Add a 1 teasp ground cumin and 1 teasp curry powder to 2 cloves chopped garlic and i large chopped onion and fry in a little olive oil until onion softens. Add 1 chopped cauliflower and 1 chopped potato and stir. Add 1 litre of vege or chicken stock and cook until veges soft. Process in a liquidizer or with a stick blenderr until smooth, season with S & P to taste. Add enough milk to make to thin, add chopped parsley and serve with toast or a bread roll. You can add ceam instead of milk if prefered. Sometimes I add some chopped spinach before adding the milk and heat through.
motorbo,
Jul 27, 2:38am
the best ive ever had was an old Australian womans weekly recipe, it was pretty much your onion softened in butter, add flour for a roux, stock and cauli and then blitz and add cream to finish
bev00,
Jul 27, 6:27am
Caulis abundant and cheap at mo
groomingtools,
Jul 27, 5:07pm
Cauliflower and Blue Cheese is called Creme du Barry and is fabulous and easy to make - I dont use cream
sampa,
Jul 27, 7:47pm
What's a good blue cheese to use for this? Considering making it this week.
Thanks.
2spotties,
Jul 27, 7:55pm
1Tbsp olive oil 1 Onion chopped 1 garlic clove thinly sliced or 1tsp mince garlic 500g cauliflower (round about half a head) 1 carrot roughly chopped 3 cups chicken or vege stock 400g can cannellini beans drained and rinsed
1. Heat oil in a large saucepan on medium hat. Saute onion and garlic for 4-5mins until tender 2. Add cauliflower and carrot to pan. Cover with stock. Bring to the boil. Reduce heat to low and simmer, covered for 15-20mins until tender. 3. Stir beans through. Using a hand blender process until smooth. Season to taste. 4. Serve topped with parsley.

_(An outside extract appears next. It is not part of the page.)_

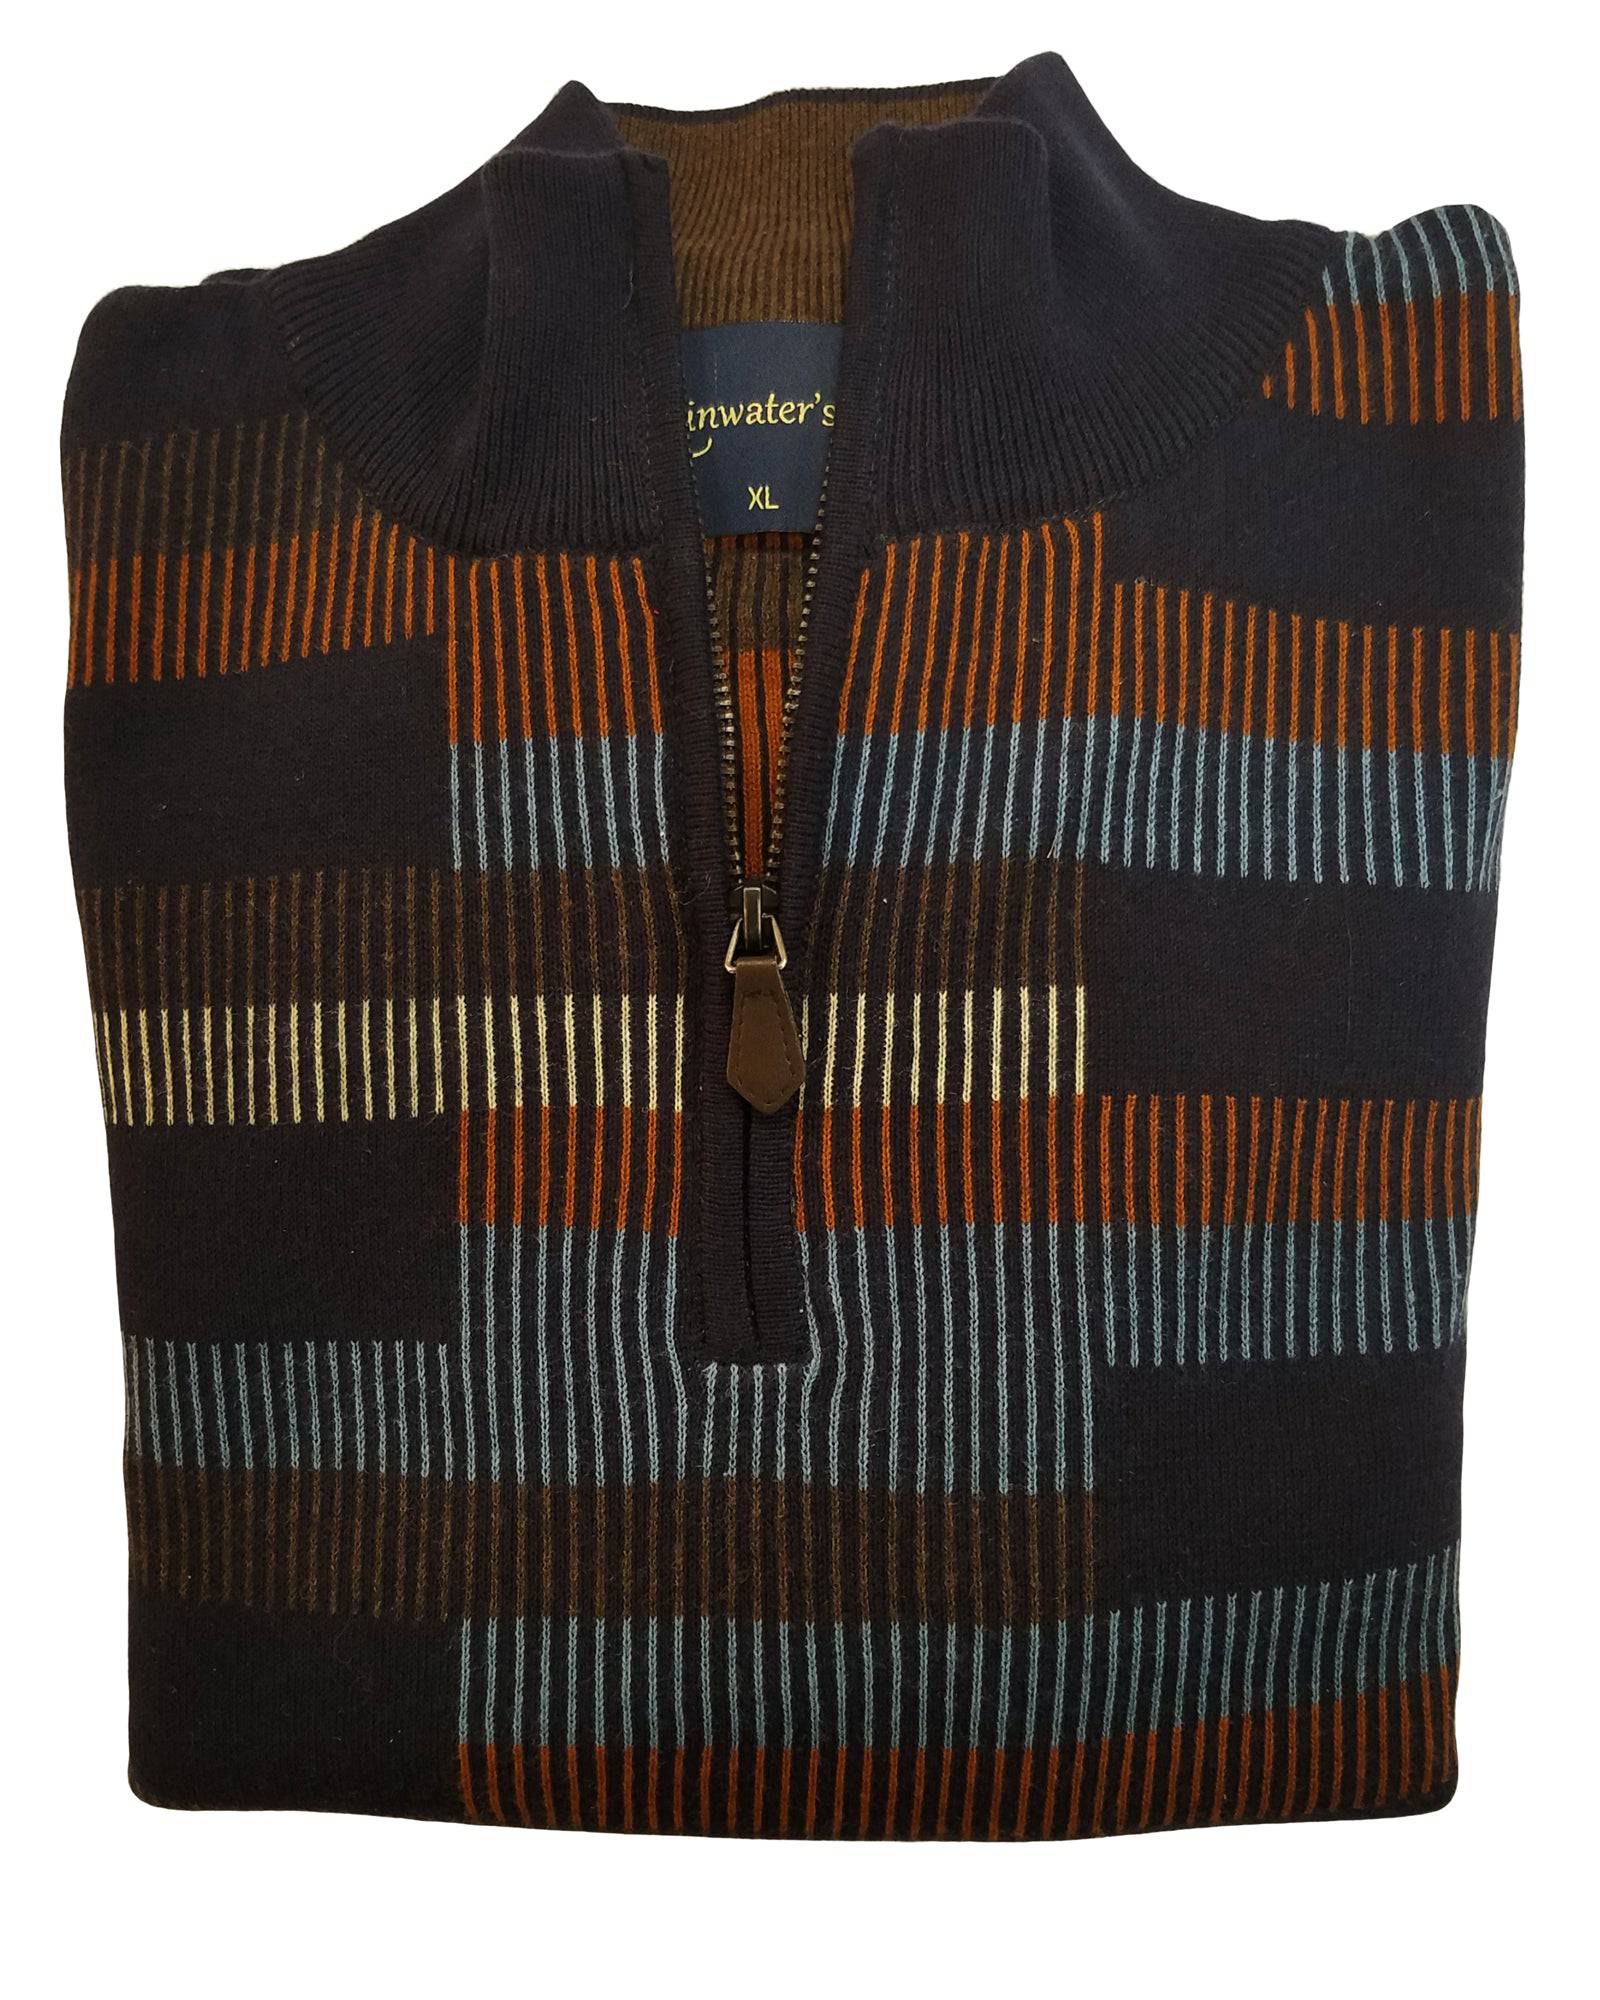 1/4 Zip Mock Sweater in Navy Geometric Design Cotton Blend - Rainwater's Men's Clothing and Tuxedo Rental

This soup is really yum and easy to make, it has a lovely creamy texture thanks to the beans. Definitely worth a try this one. Think I got this from a womans weekly type mag.
jill117,
Jul 28, 12:28am
I roast the cauliflower first, until golden. It gives a nicer flavour to the soup imho.
gennie,
Feb 13, 11:42am
Had Cauliflower and bacon soup for dinner tonight. Basically softened onions, bacon (about 4 slices chopped then cooked with onion), chicken stock (about 1 litre) and half a cauliflower. Cook. Blitz. Yum. (Adjust stock for thickness). Very very easy.